I work on Virtualmin. I'm glad it works well for you in this role. The mail stack is probably he single most complicated portion of the stuff Virtualmin manages (it certainly has a long dependency list). As the person that maintains some of it, I also wish there were a simpler way! The number of components we have to keep up in order to make it easy is mind blowing...

That said, I'm really surprised at how many mail sending services there are. Sending mail really shouldn't be hard (and it isn't if you understand all the components, but it's still time-consuming enough to be a challenge for many). I am not one of those folks who believes email should be replaced by a whole new thing, but I do think a simplification of the stack would be lovely. How we do that without introducing even more new mail related standards is the conundrum.

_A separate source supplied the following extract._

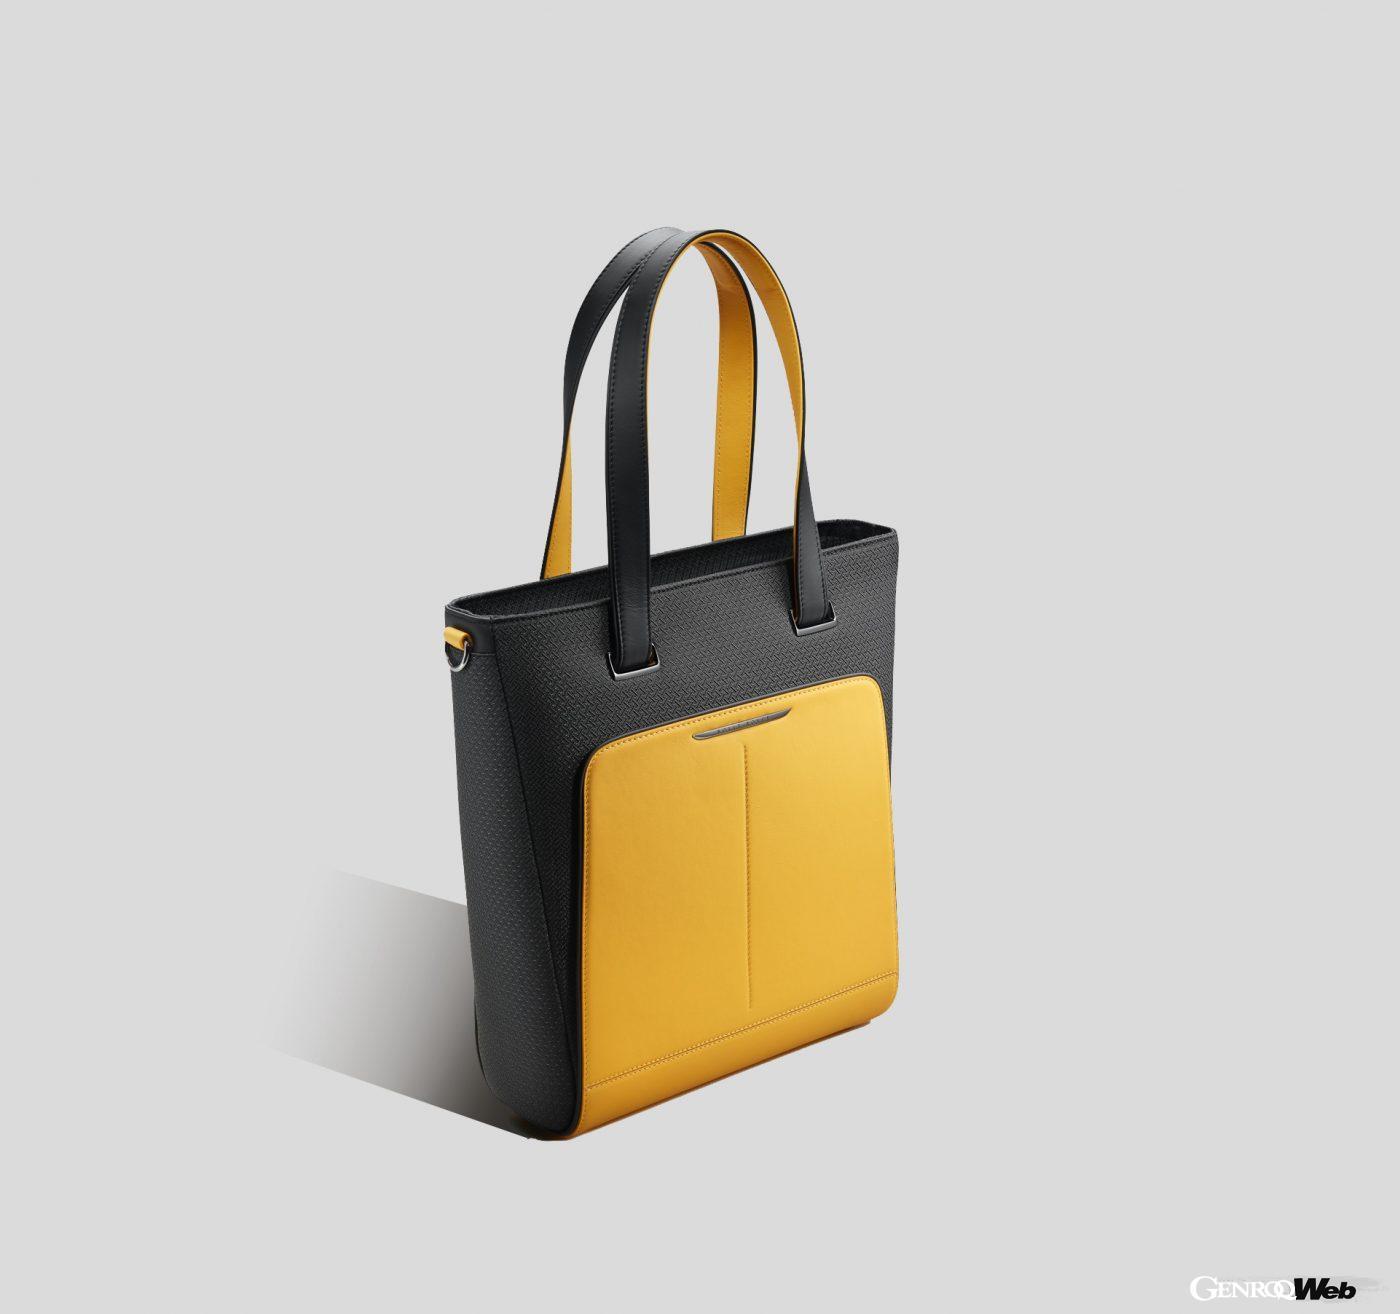 「ロールス・ロイスを「持ち歩く」! 新作バッグコレクションに見るラグジュアリーの新しい姿」の7枚目の画像
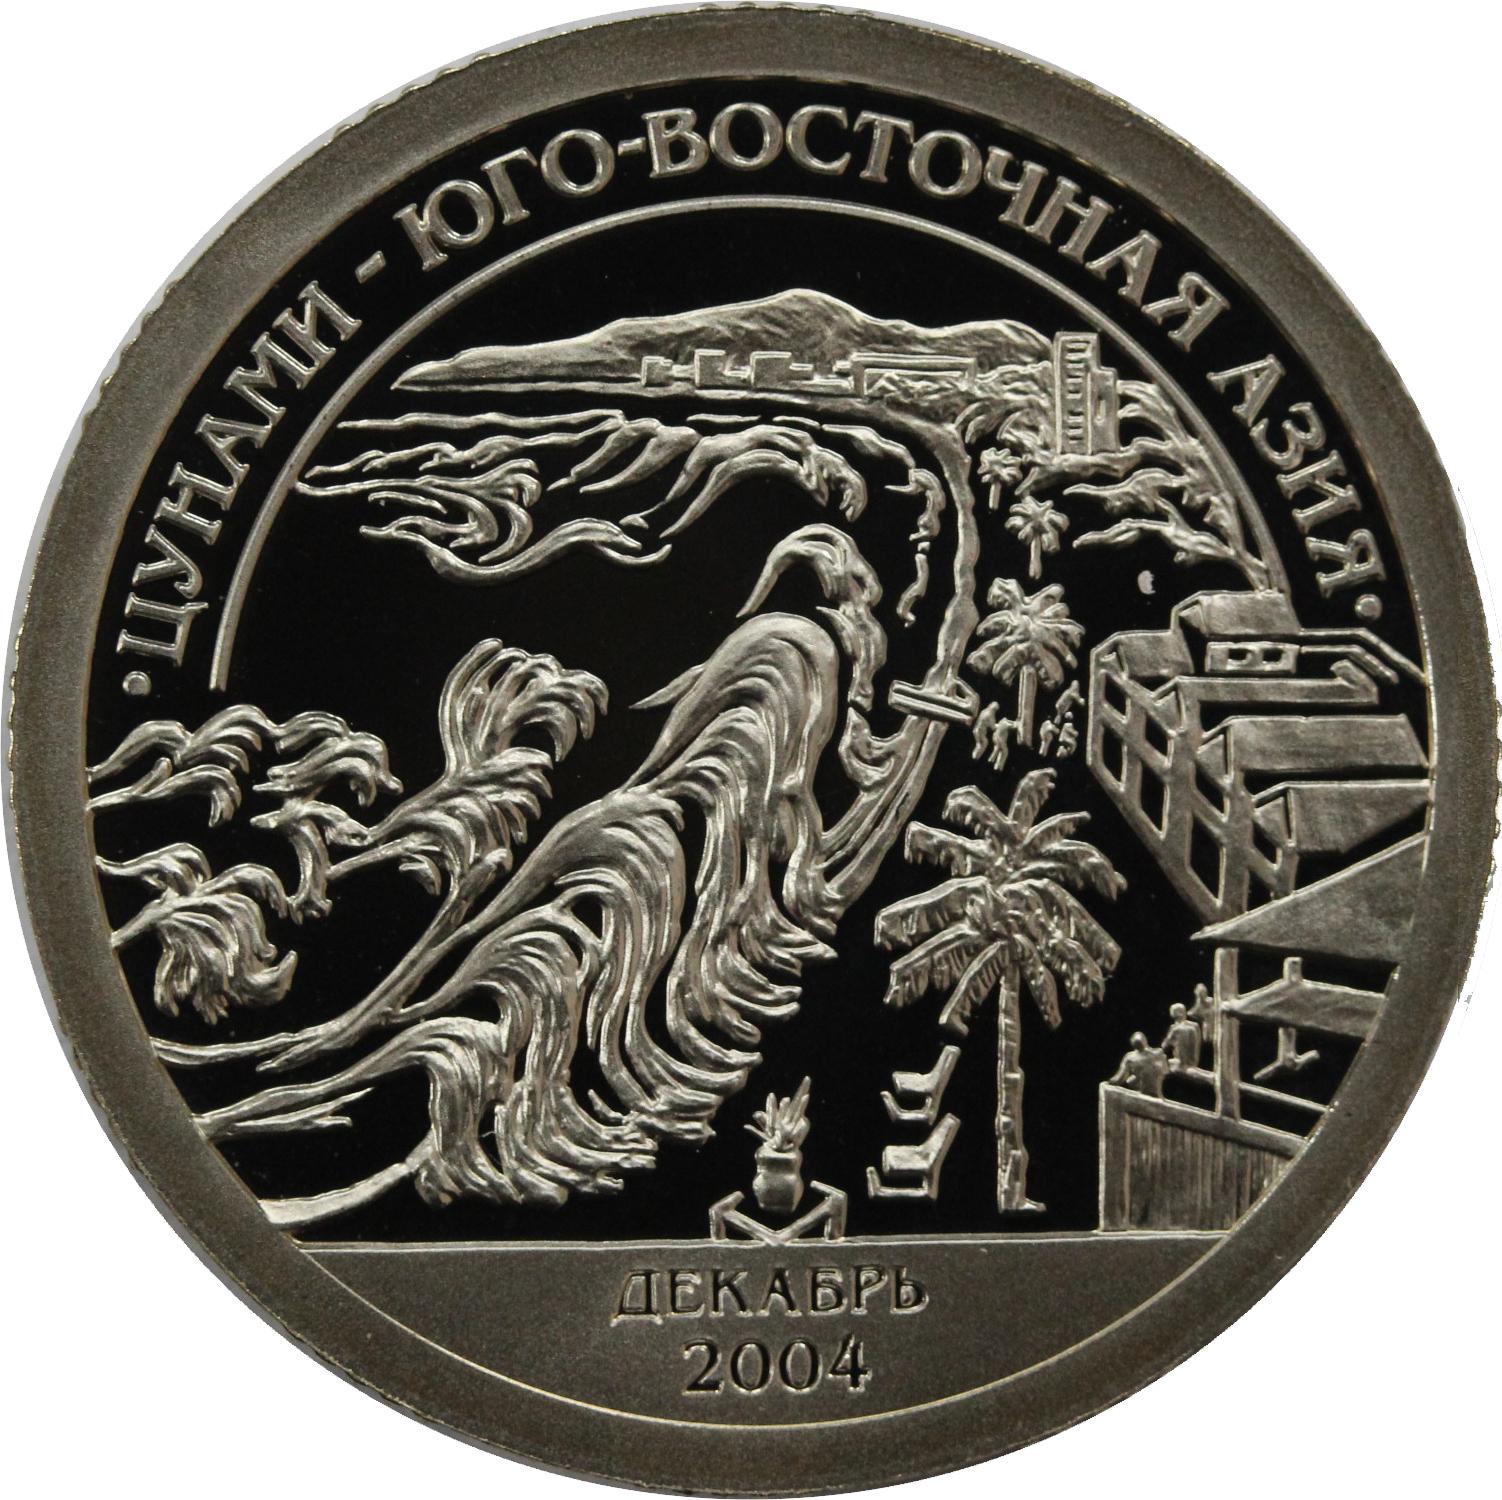 10 разменный знак 2005 года. Арктикуголь, остров Шпицберген. ЦУНАМИ - ЮГО-ВОСТОЧНАЯ АЗИЯ. PROOF

Sounds like you know enough about this process where you know it can be a lot of setup and careful maintenance.

So if you don't want to invest the setup and ongoing maintenance time, or get no pleasure from doing such , may I ask why you want a simple way to do all this at all?

Seems like you should just use fastmail or gmail or similar?

Configuring and running smtp isn't supposed to be super easy and fool proof. I think most systems that claim that will leave you with an unmaintained email solution that is likely not very secure and probably not being replicated or backed up, for starters, not mentioning all the actual things that go into making it all work reliably.


So if you don't want to invest the setup and ongoing maintenance time, or get no pleasure from doing such , may I ask why you want a simple way to do all this at all?

I'm not the person you replied to, but among the potential reasons would be privacy, reliability and sustainability.


Yeah, i hear you, but I think that its a bit of a silver bullet, to have a 1 click install that gives you all of these things.

Just the 3 you mentioned here, privacy, reliability and sustainability are not going to happen if you are doing a 1-click install, and don't understand how it works.


I find the best way to do this is using a panel like Vesta or Webmin.

There's also iRedAdmin but it's not particularly 'free'.


You can try https://hub.docker.com/r/analogic/poste.io/ - Its complete easy to use solution installed with docker... see https://poste.io/ (author here)


Ugh, closed source.

mailserver is a part of my stack I need to be able to tweak and look behind the curtain at; one-size-fits-all is really hard with email.


haraka

https://haraka.github.io/

Best mailsoftware I used so far. And ridiculously fast


correct me if I'm wrong, but as good as haraka looks (and it looks great), it isn't really a "complete package" like the GP was looking for...

From the Manual page[0]:

> Haraka makes no attempt to be a mail store (like Exchange or Postix/Exim/Qmail), a LDA, nor an IMAP server (like Dovecot or Courier). Haraka is typically used with such systems.